Sebagai bintang di sekolah Senior High School, kita mengerti Paula adalah gadis populer yang juga berbakat. Kecerdasannya bisa dibilang diwarisi dari ayahnya yang seorang bankir dan ibunya sebagai dosen ilmu pasti.
Minggu lalu secara kebetulan kutemukan koran lama di salah satu sudut perpustakaan daerah. Wajah Paula terpampang di halaman depan sebagai gadis yang nyaris mati saat ditemukan keluarganya. Tidak salah lagi, dia adalah Paula Within, teman kita semasa kecil dulu!
*
Hampir delapan puluh ketikan dari grup perpesanan yang baru akan kubaca. Cuaca tidak bersahabat akhir-akhir ini membuatku sedikit flu dan tidak bergairah menyentuh ponsel. Aku bahkan dengan lancar menghapus ratusan lainnya di hari sebelumnya.
Tapi selintas kulihat nama Paula di sana. Kucoba memusatkan perhatian membaca satu per satu.
Kami tak terlalu akrab pada saat sekolah, dan dia tidak tergabung dalam grup ini.
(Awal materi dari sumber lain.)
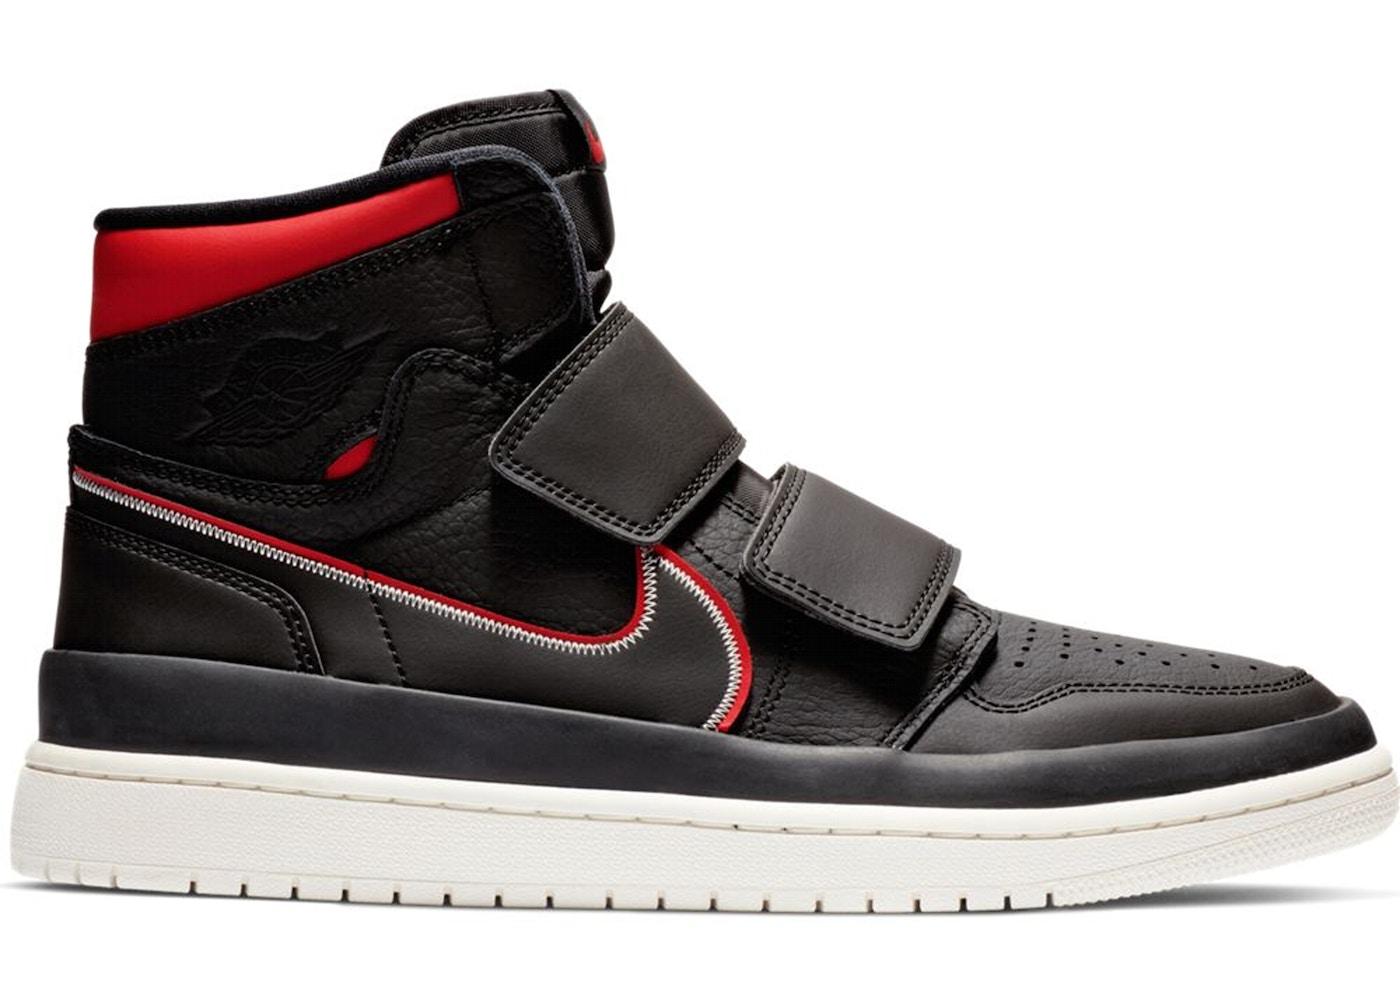 best service eba8c 205f9 Air Jordan 1 Size 17 Shoes - Release Date
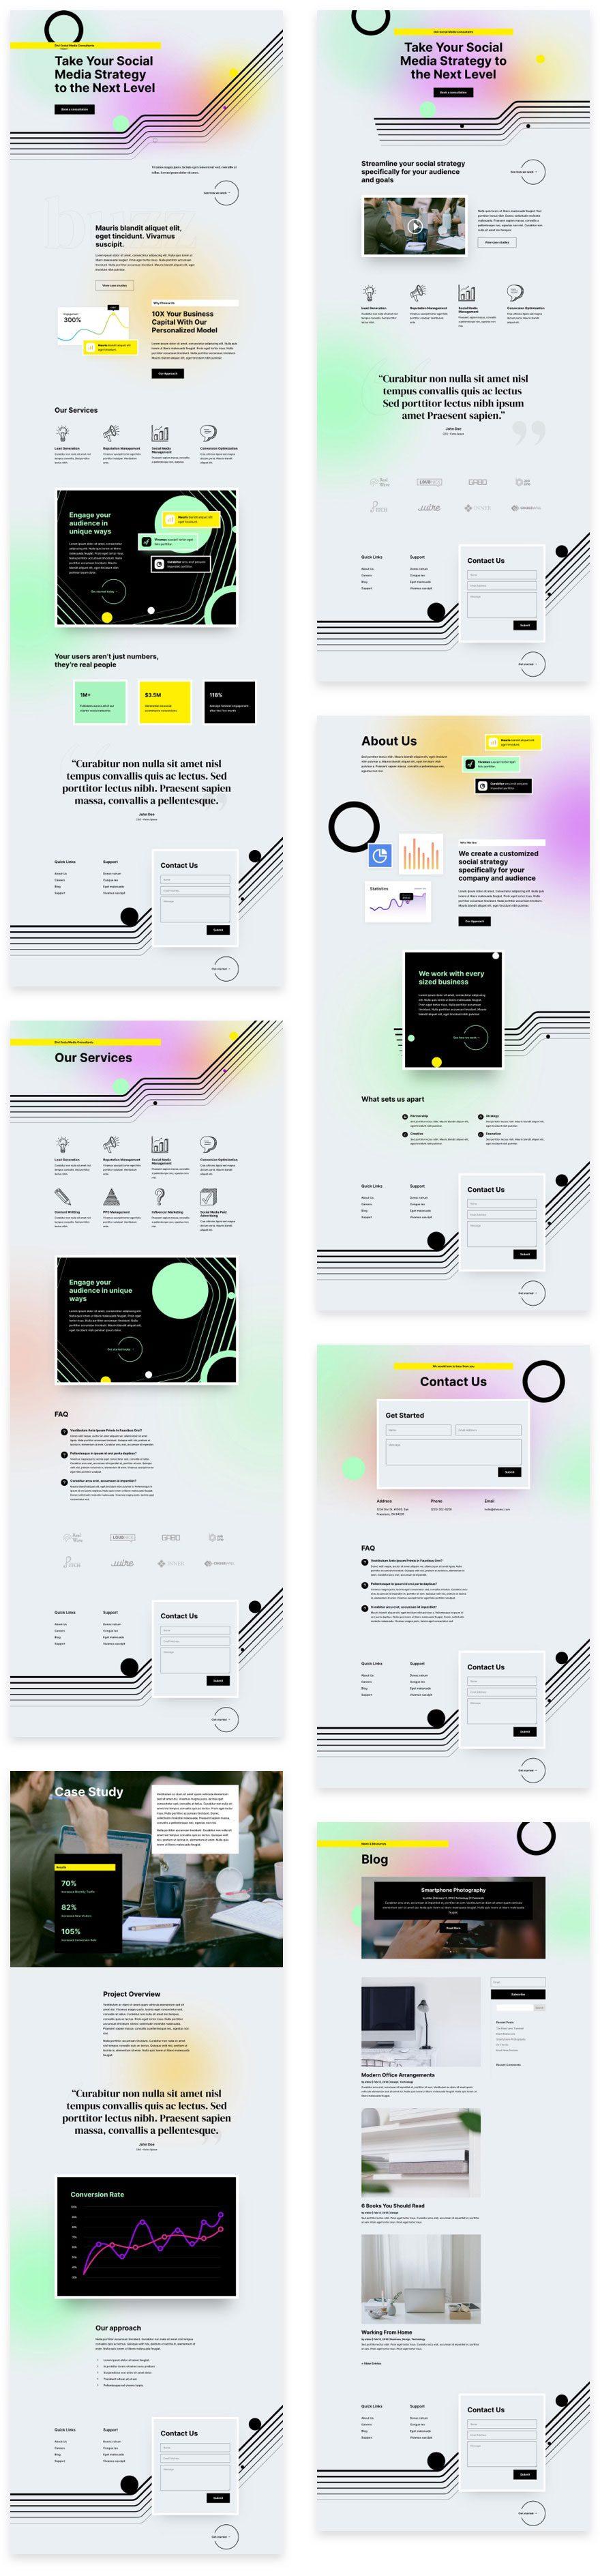 https://www.elegantthemes.com/blog/wp-content/uploads/2021/07/divi-social-media-consultant-layout-pack-images.zip

Lalu mengapakah mereka membahasnya di sini?
"Kakakku berada dalam satu kelas piano dengannya. Paula naksir dengan guru pianonya. Tapi itu setahun lalu..." tulis Maria, dari sekolah lain.
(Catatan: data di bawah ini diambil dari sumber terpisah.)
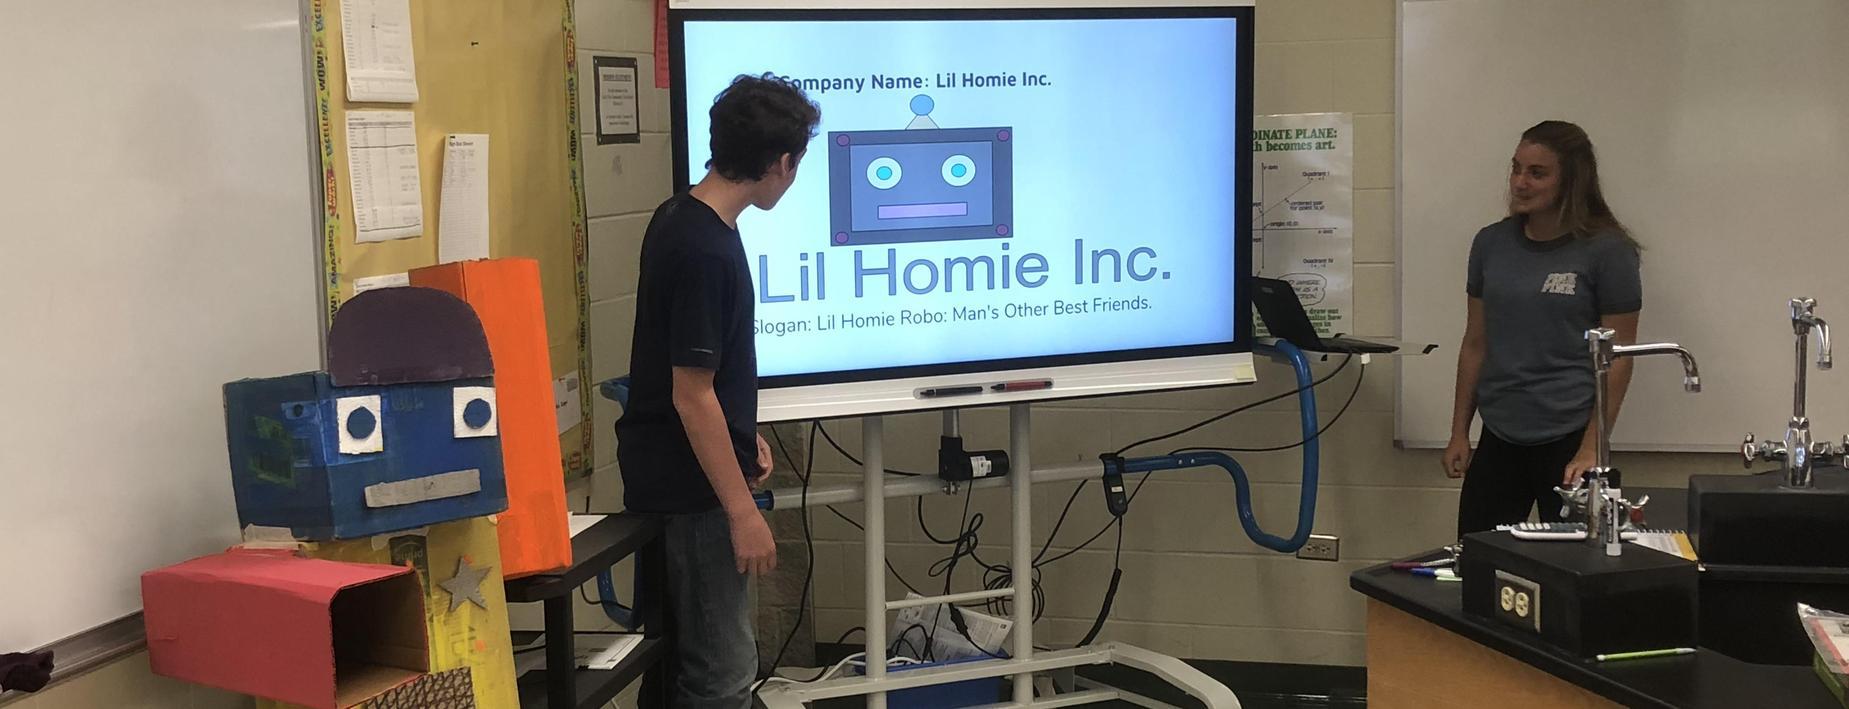 Using a smartboard for a class presentation

"Apa dia kurang kerjaan?" timpal yang lain.
"Ada yang bilang dua bulan sebelum kejadian, Paula mondar-mandir pada psikolog..."
"Dia adalah korban perceraian kedua orang tuanya. Ibuku satu komunitas dengan Nyonya Emili," celetuk si gadis pompom.
Kepalaku mulai pening. Rasanya tak begitu penting mengetahui kabar tentang teman kita yang sedikit sombong.